Owners can disconnect the Bitbucket install from the Lettuce side at DELETE /v1/integrations/bitbucket (a UI button is on the roadmap). Disconnecting:
  • Removes the provider_installations row, which discards your access + refresh tokens.
  • Leaves all your existing repos in place — they keep working as long as they’re public. Private repos will fail their next re-clone until you reconnect or switch them to a paste-URL with credentials.
To fully revoke access on the Bitbucket side, go to Your profile and settings → Personal settings → Access management → OAuth and revoke the Lettuce consumer.

Troubleshooting

The operator hasn’t set BITBUCKET_APP_CLIENT_ID and BITBUCKET_APP_CLIENT_SECRET (or the backend hasn’t been restarted since). GET /v1/integrations returns available.bitbucket: false in that state.

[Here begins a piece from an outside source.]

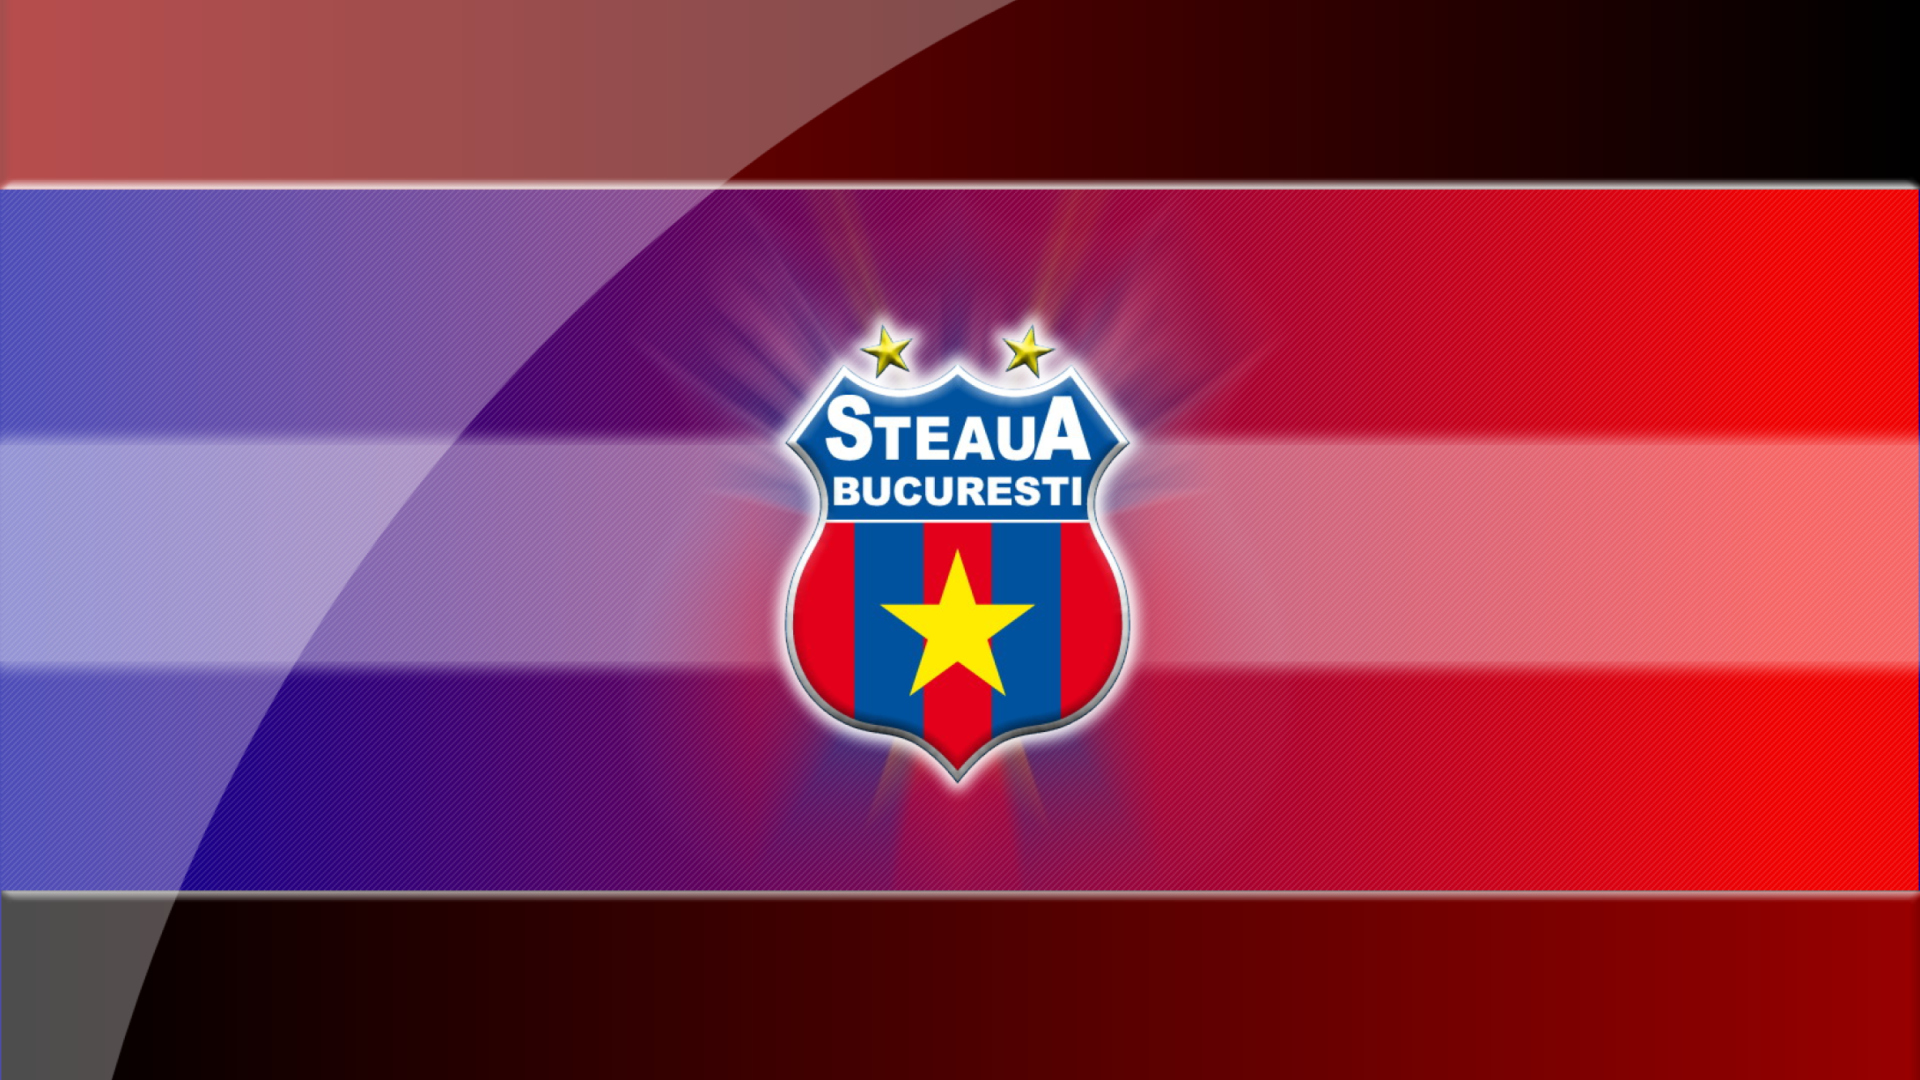 Steaua Bucuresti wallpaper 1920x1080

The signed state param is older than 15 minutes, or the backend’s admin token has rotated since you started the install. Restart the install from the Add-repo dialog.
You clicked Cancel on Bitbucket’s authorisation screen, or your workspace admin has restricted third-party OAuth consumers. Ask your Bitbucket admin to allow the Lettuce consumer, then retry.

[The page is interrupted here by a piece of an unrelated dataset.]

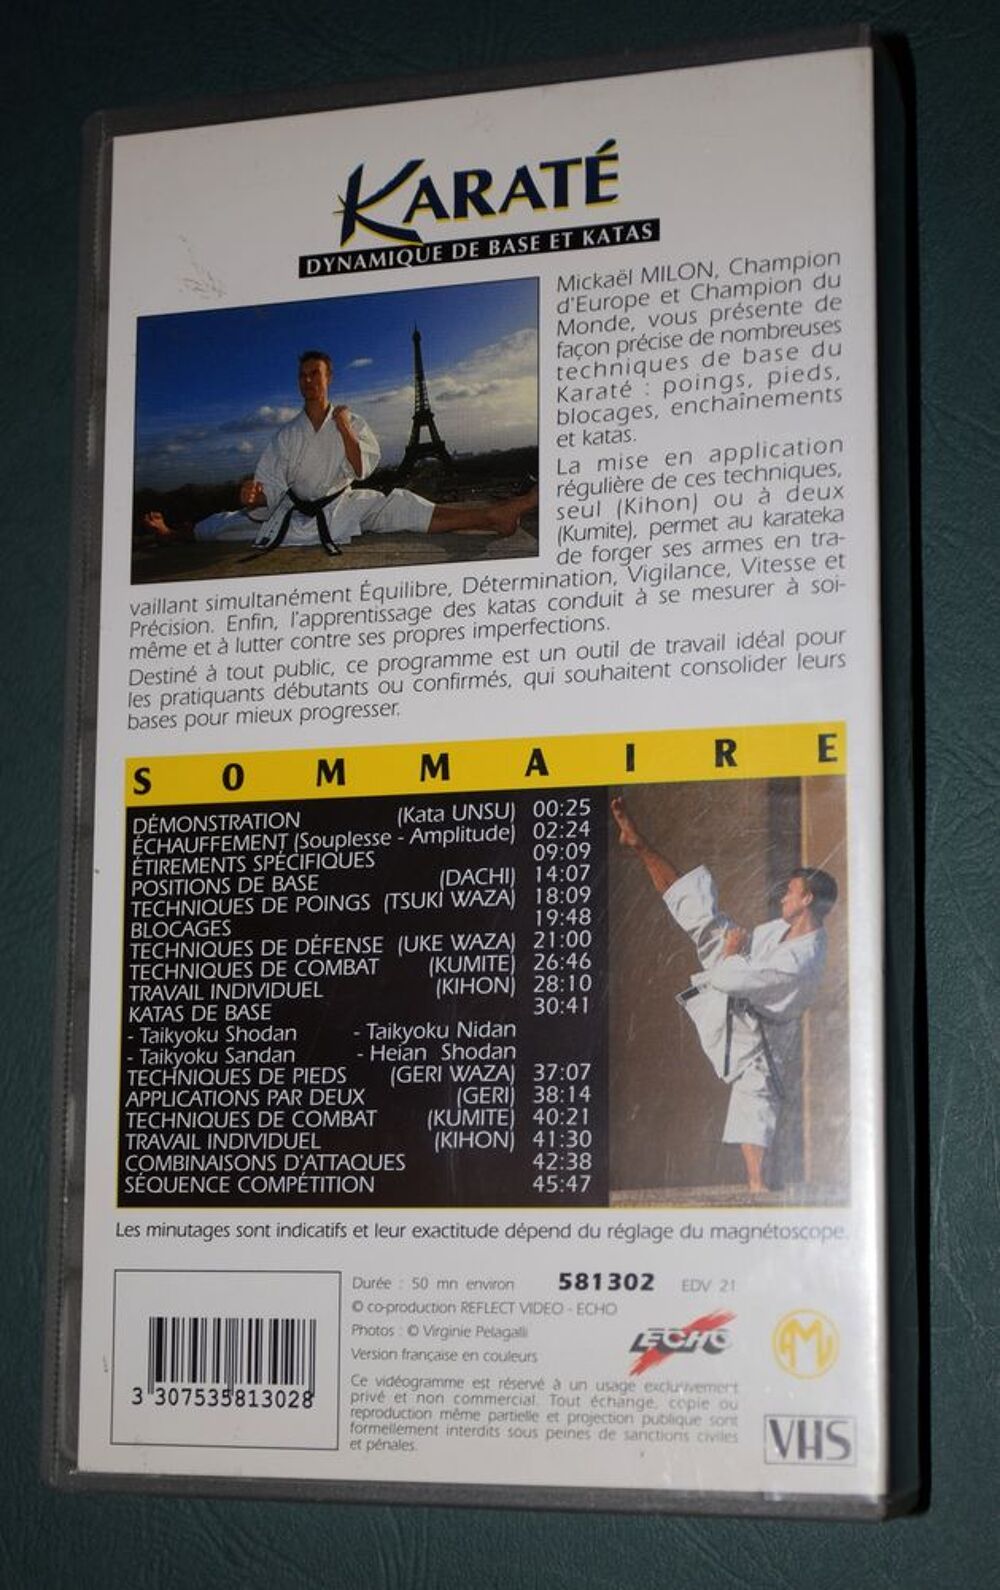 K7 VHS - Karat&eacute; Base et Katas - Mickael Milon. Livres et BD

Lettuce only lists repos you have at least contributor access to. If you only have read access to a repo, ask the owner to bump your permission or to install Lettuce themselves and add the repo for the workspace.
The auto-webhook step may have failed if the OAuth consumer wasn’t granted Webhooks: Read and write. Re-create the consumer with the correct permissions and reconnect from the Add-repo dialog.